Аглая кивнула:
– Есть такое. Местные доны до сих пор бесятся, когда крестьяне через их головы в королевский суд обращаются. Мне поначалу это дико было. У нас ведь в Кесталье крепостного права отродясь не водилось, разве что натуральная подать в виде всяких работ строительных и дорожных. И когда правитель Сальваро кортесы собирал, туда выборные приезжали со всей Кестальи, не только дворяне. Часто даже бывало, что какие-нибудь доны из глухих мест вместо себя кого-нибудь из крестьян посылали. И сейчас в совет провинции не по сословию кандидатов выдвигают, а по достоинству, самых уважаемых людей. Ну, мы ведь там все друг другу родня, так что благородство происхождения среди кестальцев – вопрос очень условный. А тут самый распоследний донишка нос задирает так, будто от братьев Фарталлео происходит.
Джудо заткнул букетик в петлицу кафтана:
– Это я уже понял, насмотрелся. Тут в этом плане даже похуже, чем в Плайясоль. У тех-то хоть основания какие-никакие есть, все-таки от таллийских патрициев прямо род ведут. А эти… тьфу. Вот увидишь, этот дон Креспо – точно такой же напыщенный самовлюбленный засранец.
Аглая только вздохнула, и дальше они шли молча. Молча же вошли в узкую ложбину между холмами.
Здесь и правда было темно – вдоль узкой, почти незаметной тропы росли, поднимаясь по склонам холмов, местные ели, казавшиеся черными из-за очень темной коры и хвои. К глубокому сумраку прибавлялась влажность – такая, что даже под ногами хлюпало, и сквозь мох кое-где проступала вода. И тишина. Не пели птицы, не шумел ветер в ветках.
– Действительно жуткое место, – Аглая повела плечами. – Ничего не чувствуешь этакого?
Паладин покачал головой:
– Как тебе сказать… Завеса тут странная какая-то. Вроде бы и плотная, а вроде бы всё время в движении. Наверное, оттого простым людям тут и страшно – чуют, а понять, что это, не могут…

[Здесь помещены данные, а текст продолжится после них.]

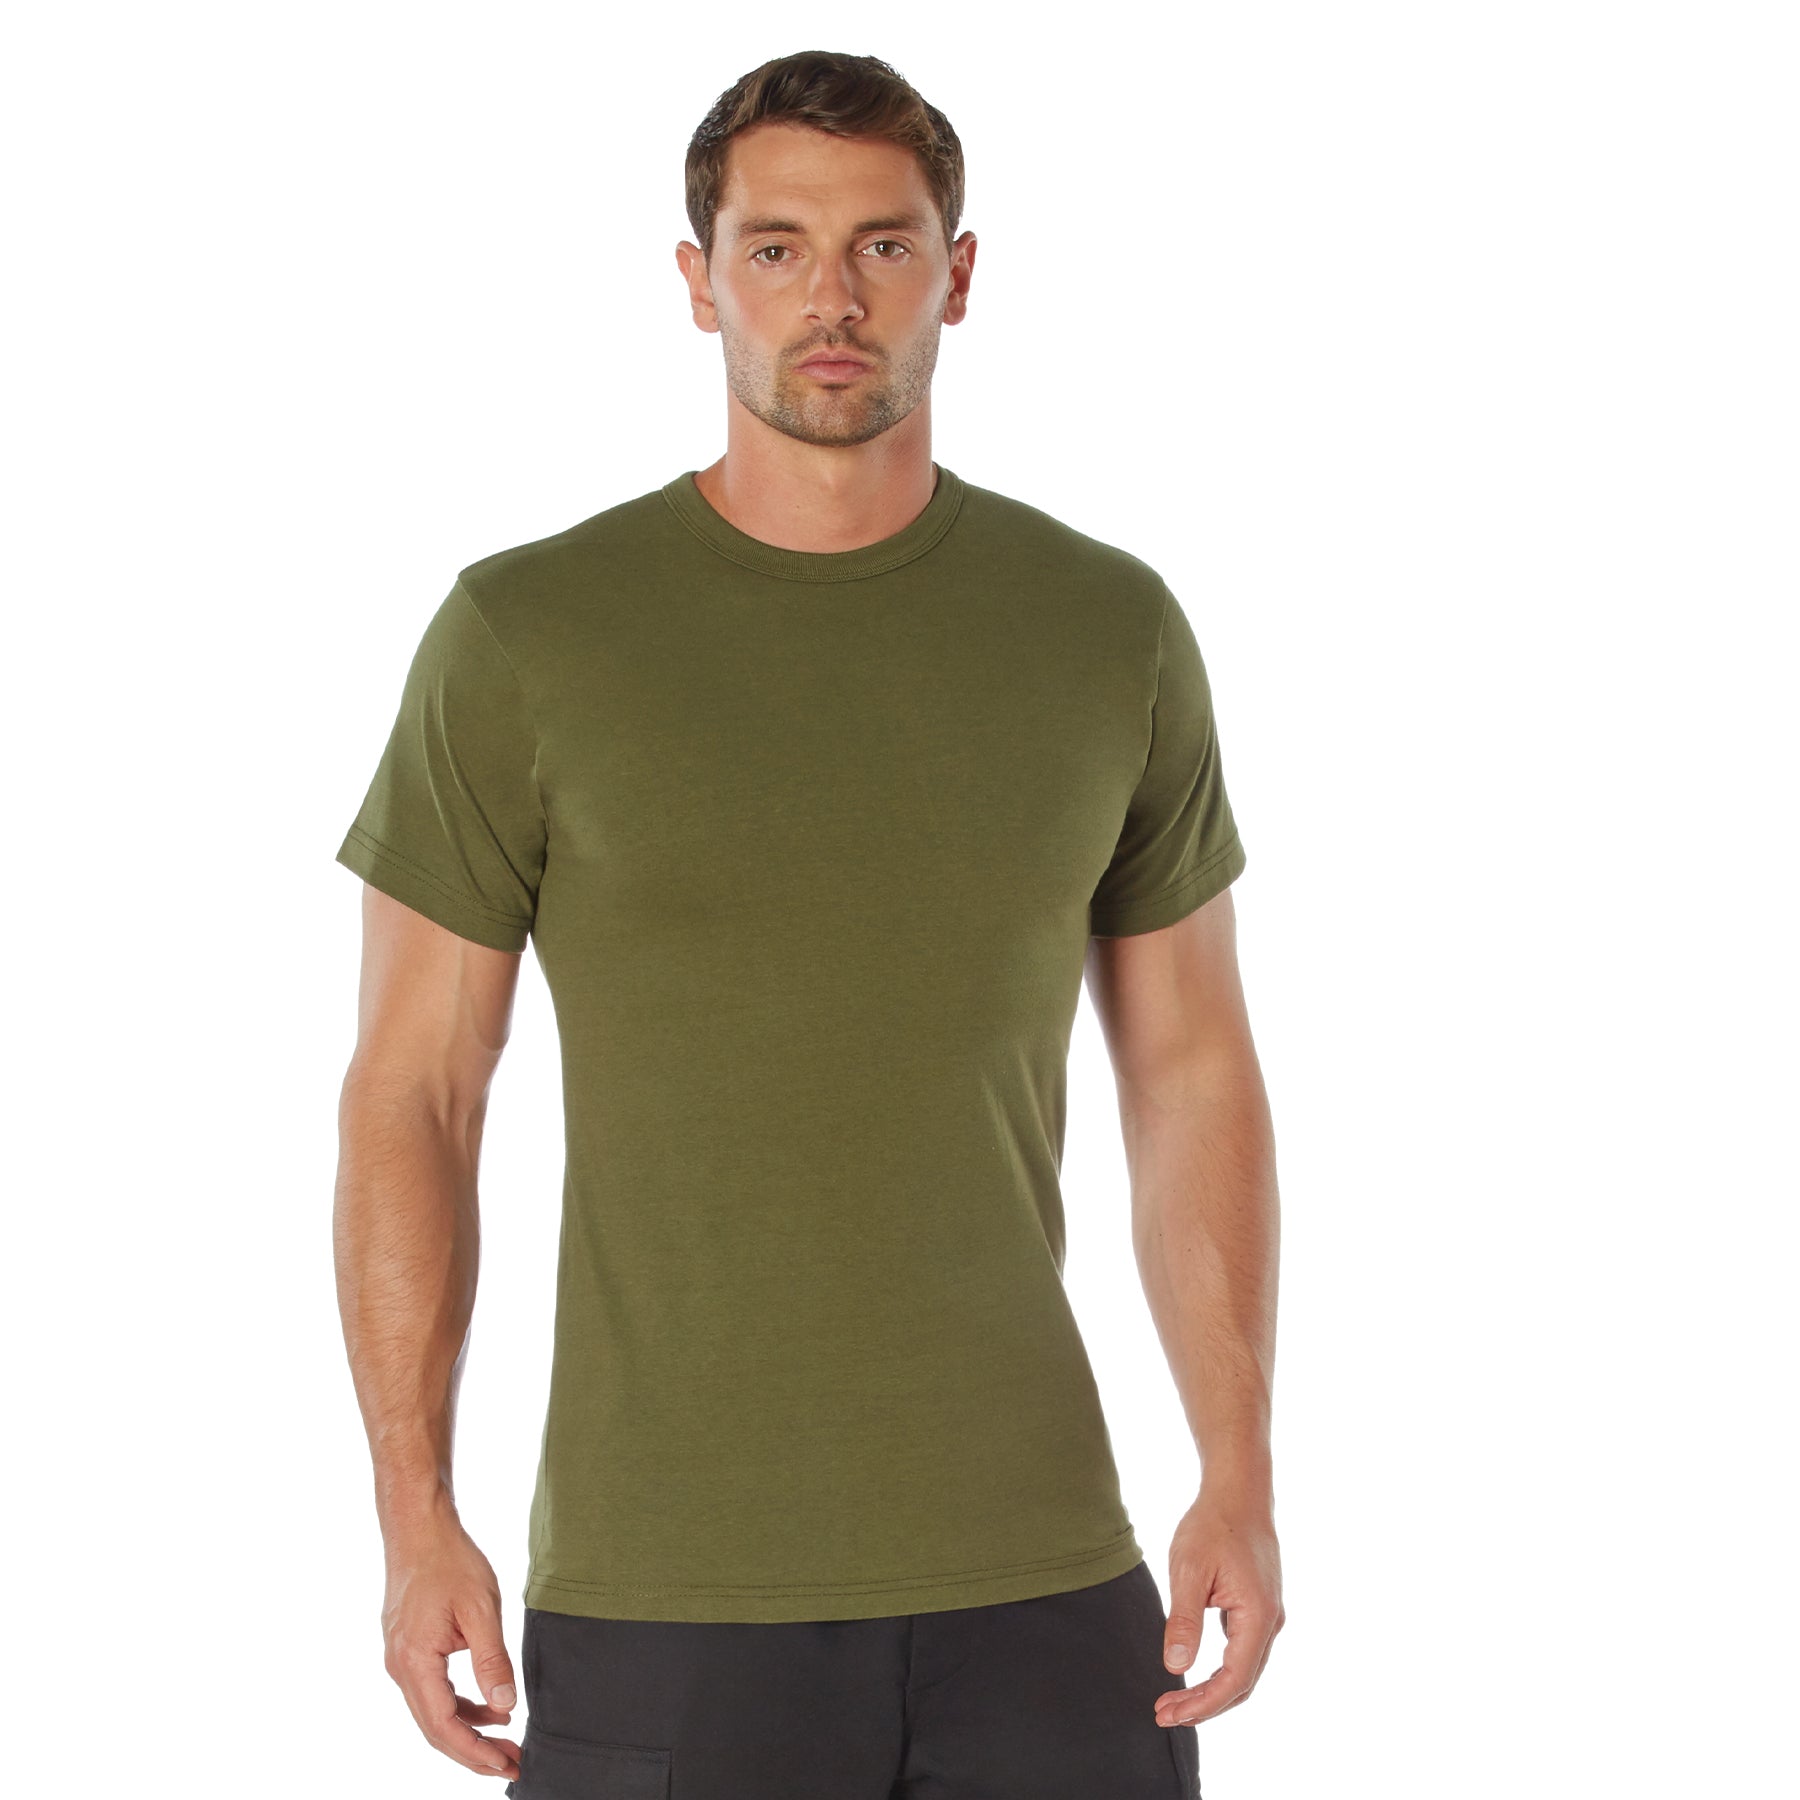 [AR 670-1] Poly/Cotton Heavyweight T-Shirts Olive Drab

Они прошли еще четверть мили. Джудо чем дальше, тем всё более обеспокоенным выглядел, а Аглае стало еще жутче. Она даже по сторонам смотреть опасалась, только шагу прибавила. Паладин тоже ускорил шаг, но, пройдя с сотню футов, вдруг остановился.
– Что такое? – Аглая тронула его за плечо. Дорожка была очень узкой, и они шли друг за другом.

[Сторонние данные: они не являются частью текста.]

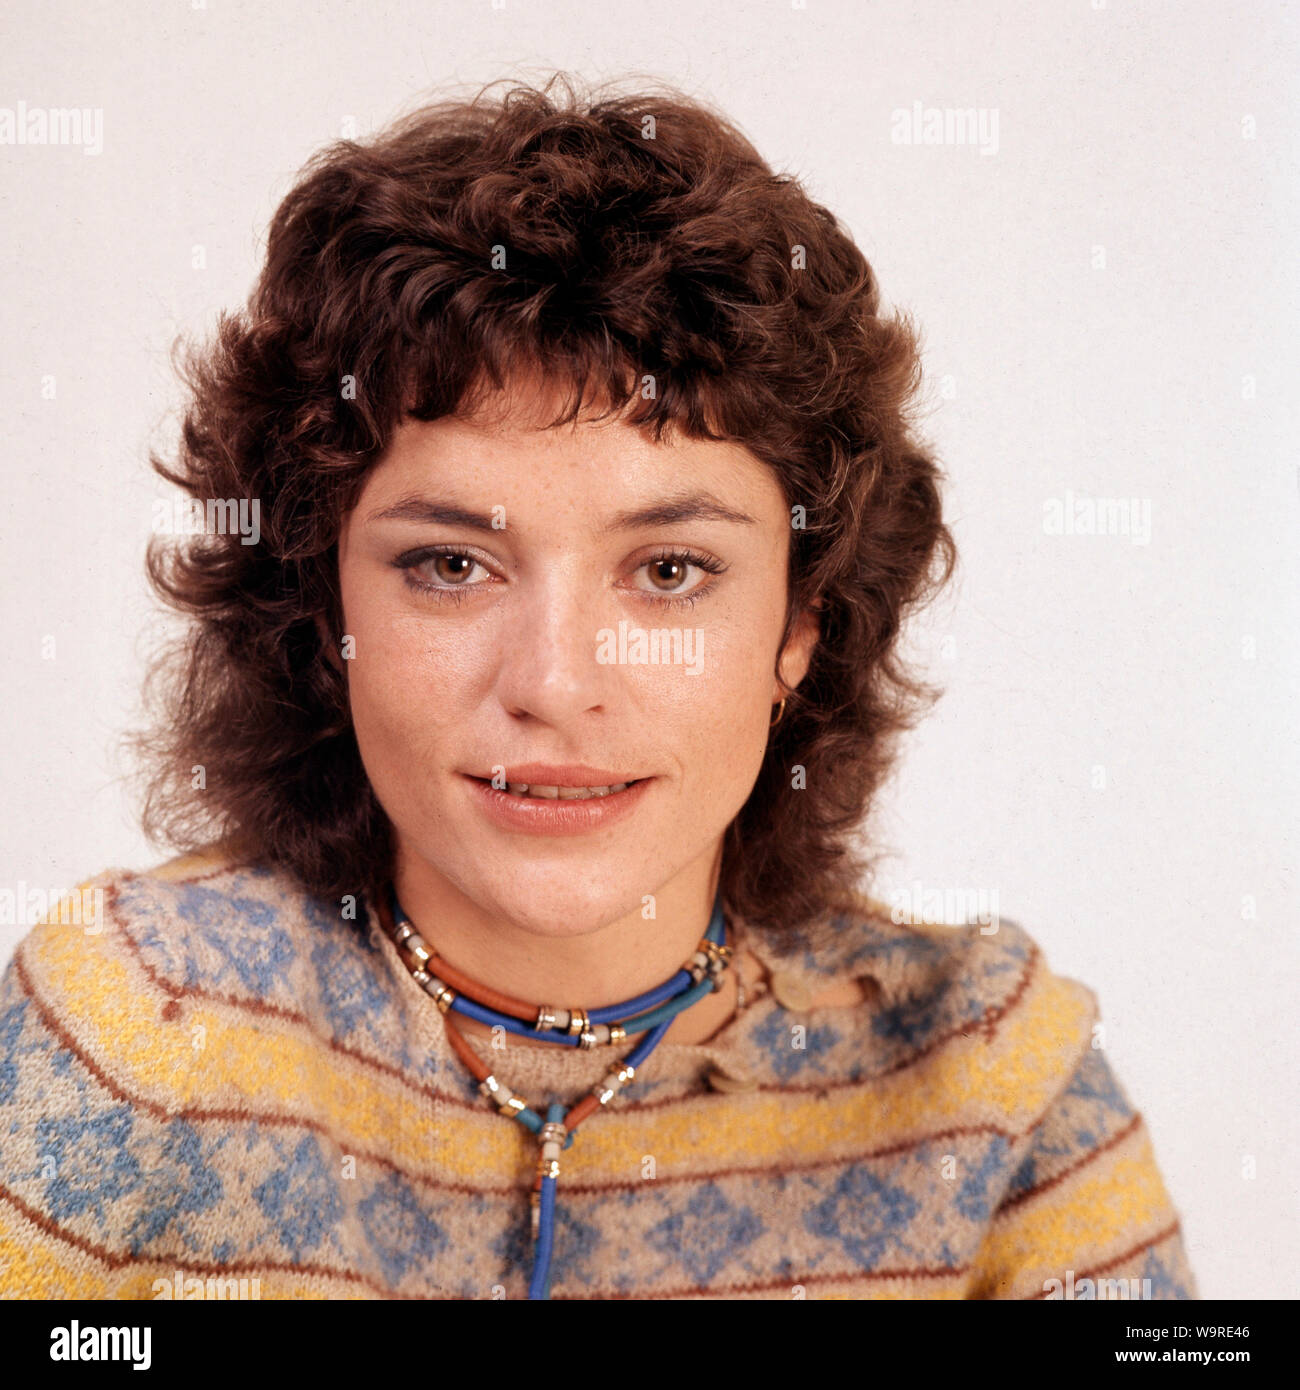 Actress diana quick hi-res stock photography and images - Alamy

– Не пойму. Странно. Завеса вроде бы плотная, но… похоже, здесь соприкасаются миры, – паладин взял ее за руку. – Кажется, мы вляпались. Смотри.
Он показал на дерево у тропы, Аглая посмотрела и охнула. Это уже не была обычная черная елка. Дерево было высоким, ствол его покрывал слой мха, в котором посверкивали голубоватые искорки. На пушистых лапах перемигивались такие же искры, а у комля из мха поднимались на тонких стебельках дивные цветы, похожие на стеклянные колокольчики. Они даже тоненько звенели.

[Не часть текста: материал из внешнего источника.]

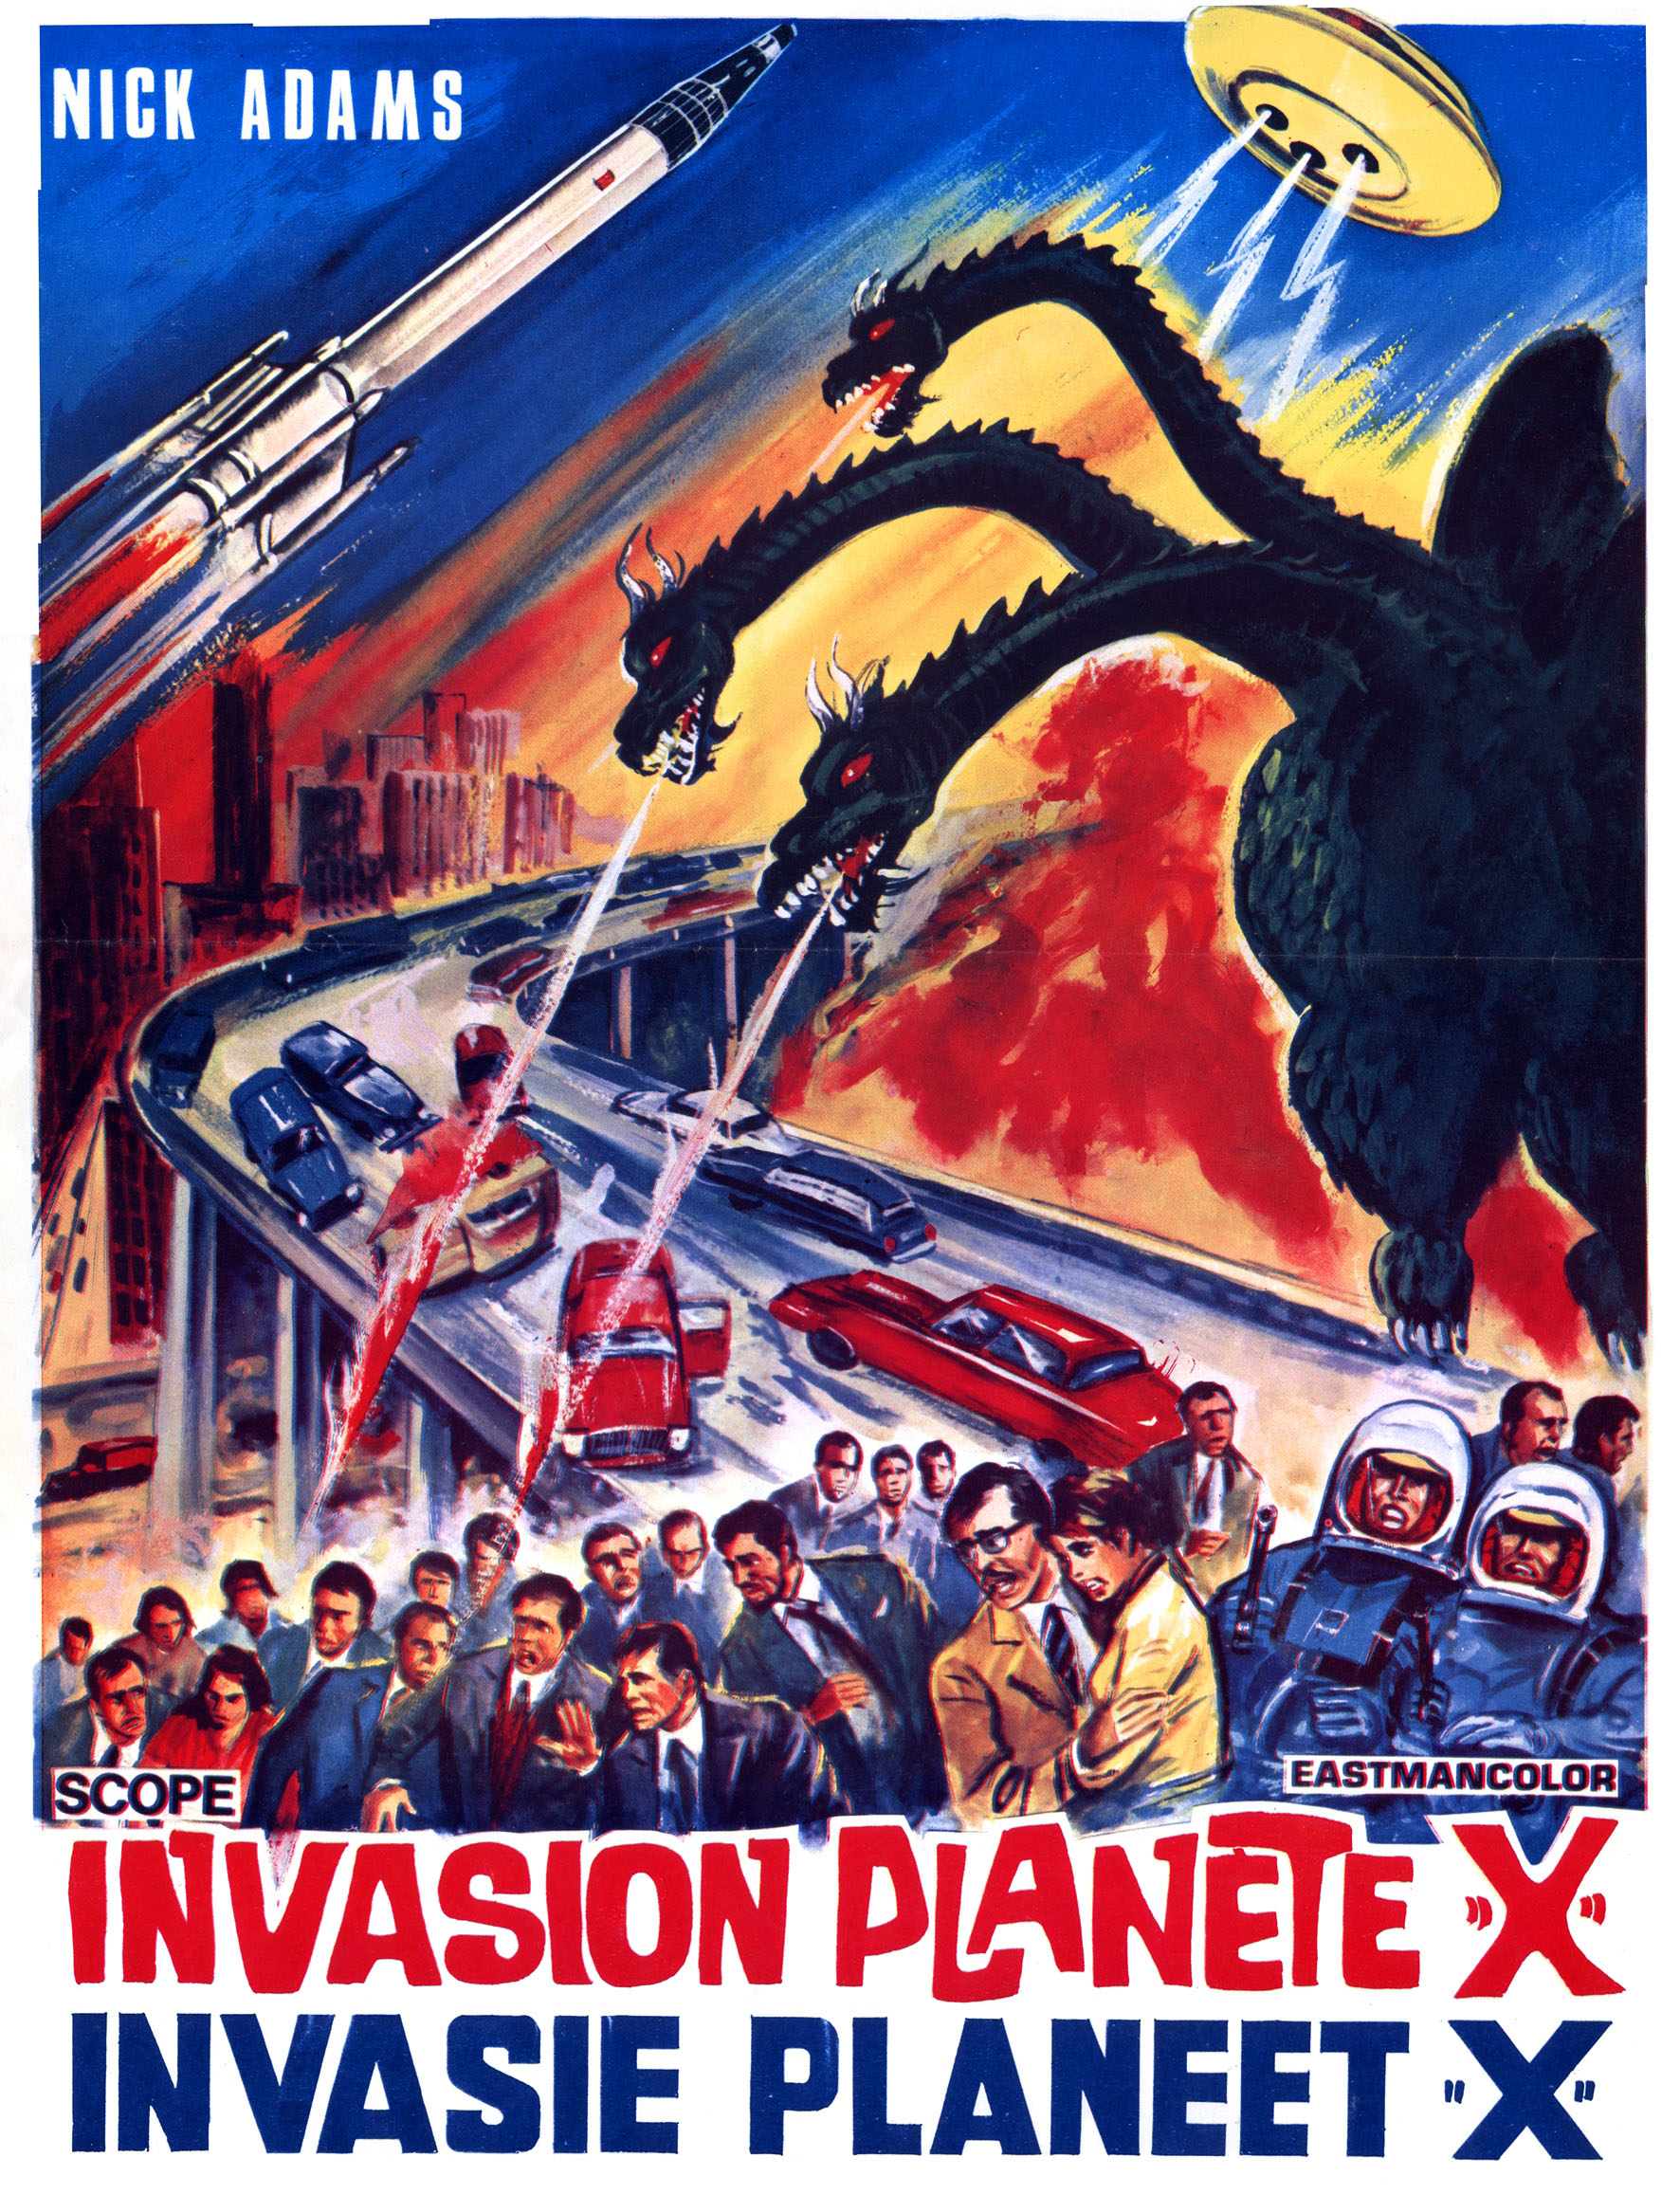 Godzilla vs. Monster Zero (1965)

– Джудо, может, пойдем обратно? – Аглая посмотрела назад и, прежде чем паладин ответил, поняла, что обратно уже невозможно. Тропа по-прежнему там была, но ее обступали такие же светящиеся елки, а по обочинам росли стеклянные цветы.
– Мы в Фейриё, – вздохнул паладин. – Чуял же, что-то тут с Завесой не то. Кто-то ее очень хитромудро перекрутил, и моего чутья не хватило, чтоб это распознать. Все-таки я квартерон... Эх, надо было сразу силой ломиться, а не пробовать обходить складки Завесы. Проломиться бы получилось... А теперь уже поздно.
– А как же быть-то? – Аглае стало страшно и очень любопытно одновременно.
– Ну, как… сами мы не выйдем, – Джудо с тоской потер лоб. – Я уж полчаса как пытаюсь выкрутить обратно или хоть какой путь нащупать – и без толку. Надо помощи просить.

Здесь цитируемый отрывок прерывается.